Amazon's Jeff Bezos on Pursuing High Standards, Writing Memos and Perfect Handstands
- Last week Amazon CEO Jeff Bezos, in his annual shareholder letter, discussed milestones of the firm's businesses, what it takes to perform a perfect handstand (about six months of daily practice), how to write a great memo (write, review, edit, repeat), and shared views on pursuing high standards including:
- "There’s a foundational question: are high standards intrinsic or teachable? If you take me on your basketball team, you can teach me many things, but you can’t teach me to be taller. Do we first and foremost need to select for “high standards” people? ... I don’t think so. I believe high standards are teachable. In fact, people are pretty good at learning high standards simply through exposure. High standards are contagious. Bring a new person onto a high standards team, and they’ll quickly adapt. The opposite is also true. If low standards prevail, those too will quickly spread.
- “I believe high standards are domain specific, and that you have to learn high standards separately in every arena of interest. When I started Amazon, I had high standards on inventing, on customer care, and (thankfully) on hiring. But I didn’t have high standards on operational process: how to keep fixed problems fixed, how to eliminate defects at the root, how to inspect processes, and much more. I had to learn and develop high standards on all of that (my colleagues were my tutors). Understanding this point is important because it keeps you humble. You can consider yourself a person of high standards in general and still have debilitating blind spots.
- “What do you need to achieve high standards in a particular domain area? First, you have to be able to recognize what good looks like in that domain. Second, you must have realistic expectations for how hard it should be (how much work it will take) to achieve that result – the scope.”
- “The football coach doesn’t need to be able to throw, and a film director doesn’t need to be able to act. But they both do need to recognize high standards for those things and teach realistic expectations on scope ... Someone on the team needs to have the skill, but it doesn’t have to be you.
- “Benefits of High Standards - Building a culture of high standards is well worth the effort, and there are many benefits. Naturally and most obviously, you’re going to build better products and services for customers – this would be reason enough! Perhaps a little less obvious: people are drawn to high standards – they help with recruiting and retention. More subtle: a culture of high standards is protective of all the “invisible” but crucial work that goes on in every company. I’m talking about the work that no one sees. The work that gets done when no one is watching. In a high standards culture, doing that work well is its own reward – it’s part of what it means to be a professional.

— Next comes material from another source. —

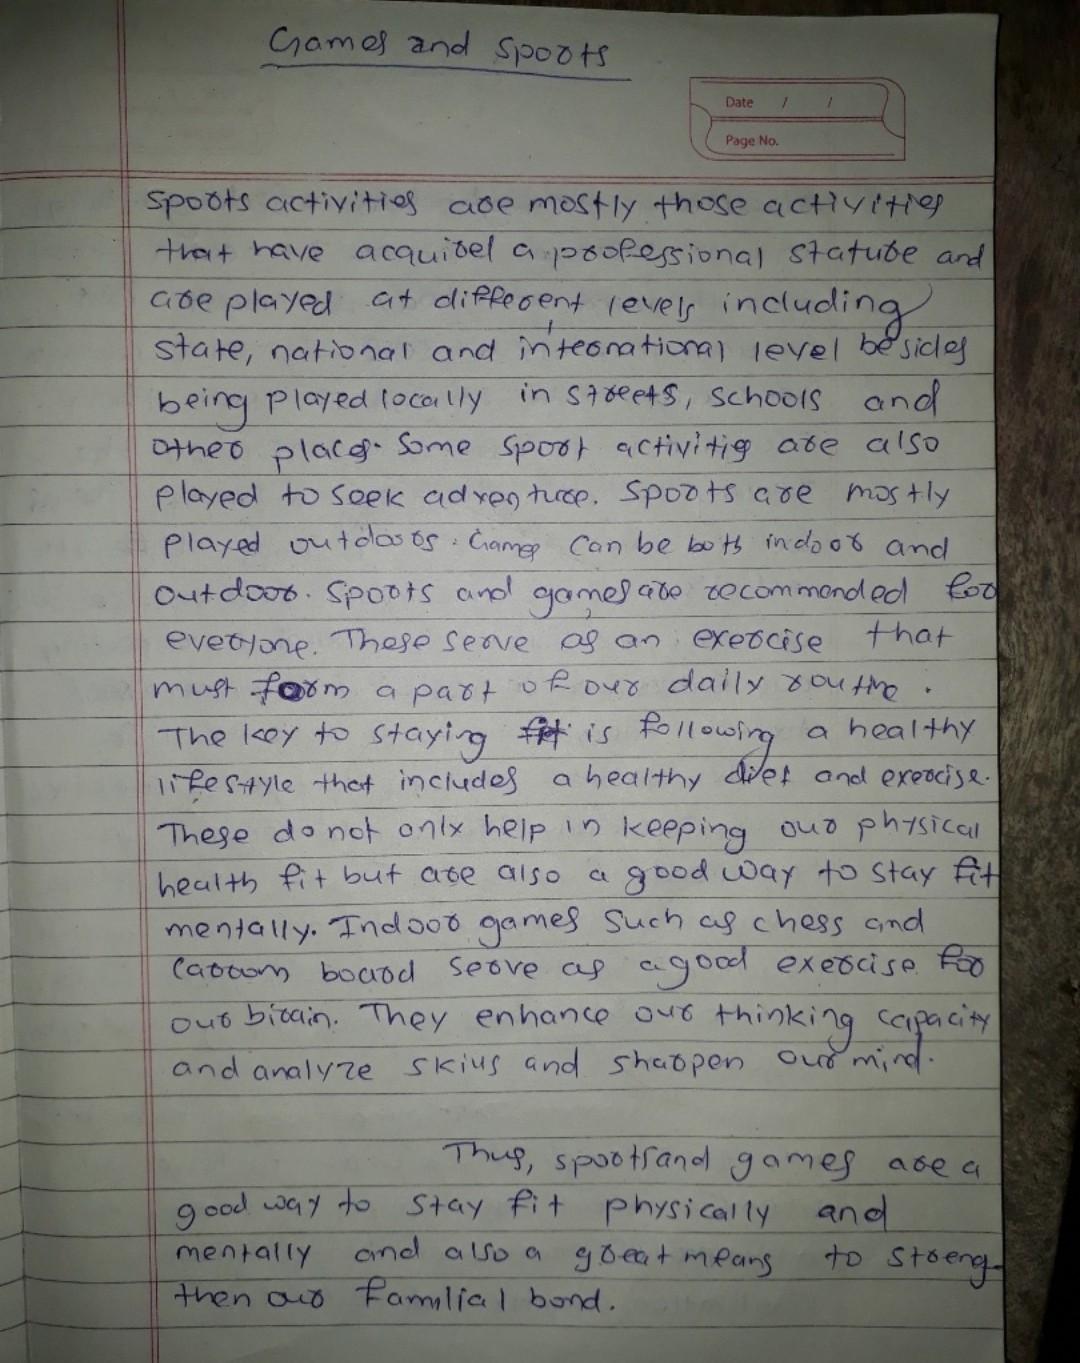 A paragraph on good sportsmanship     (100-150 words

- "And finally, high standards are fun! Once you’ve tasted high standards, there’s no going back ... So, the four elements of high standards as we see it: they are teachable, they are domain specific, you must recognize them, and you must explicitly coach realistic scope."
MY TAKE
- Bezos' annual letter always has ideas to consider. In addition to focusing on high standards, other factors contributing to the firm's success include 1) managing projects with small teams, 2) making the teams "own" their projects and 3) maintaining a strong focus on addressing customer needs.
- Regarding writing memos - The act of writing can help us to better understand problems and communicate ideas - and most good writer will agree that iterative cycles of review and edit are very helpful.
- Regarding the perfect handstand - it sounds like a fun project - check back in six months!